CanSino Biologics Inc. announced that the National Medical Products Administration (the "NMPA") of the People's Republic of China has recently granted a notice of acceptance to the Company's new drug application for registration and marketing of domestic manufactured drugs for its 13-Valent pneumococcal conjugate vaccine (CRM197, TT Vector) (the "PCV13i") developed by the Company. PCV13i adopts a covalent combination of polysaccharide antigens and carrier proteins. After the polysac Charide antigens are linked to the carrier proteins, the polysaccharide can be converted into T cells dependent antigens, which not only induces a high level of specific antibodies in infants and young children under 2 years old, but also generates memory B cells to produce immune memory.

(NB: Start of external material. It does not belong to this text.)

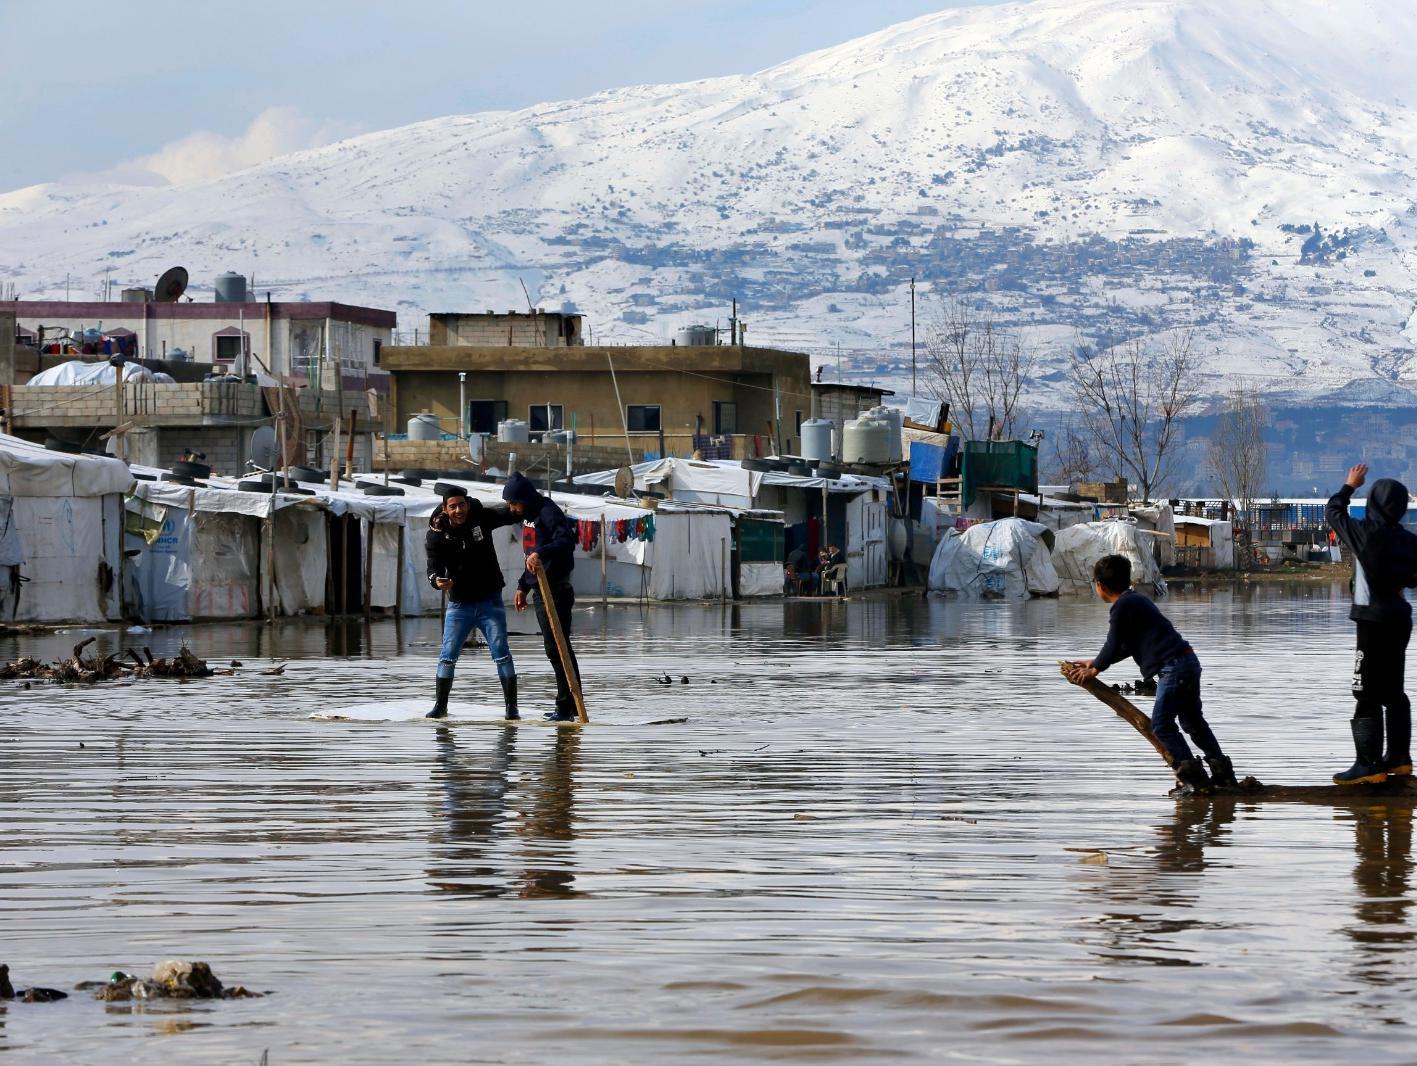 בשל הכפור העז: 15 ילדים קפאו למוות במחנות פליטים ברחבי סוריה

Meanwhile, the Company adopts double vector technology which can reduce the immunosuppression to immunogenicity when co-injecting with other vaccines. In terms of production technology, the Company has adopted a safer production process, with animal-free culture medium as the fermentation medium, reducing risks from animal-derived biological factors and avoiding the toxicity residue from traditional purification process by phenol method. After the acceptance of drug registration application for PCV13i with NMPA, PCV13i shall be subject to the procedures of technical evaluation, clinical trial onsite inspection and production site inspection, and will be commercialized only after obtaining the new drug application (the "NDA") approval and lot release approval.

The progress of the evaluation and approval of PCV13i and the date of obtaining the NDA approval are subject to uncertainties. Upon the commercialization of PCV13i, it will have a positive impact on the operating results, enrich the pipeline and further enhance the competitiveness of the Company.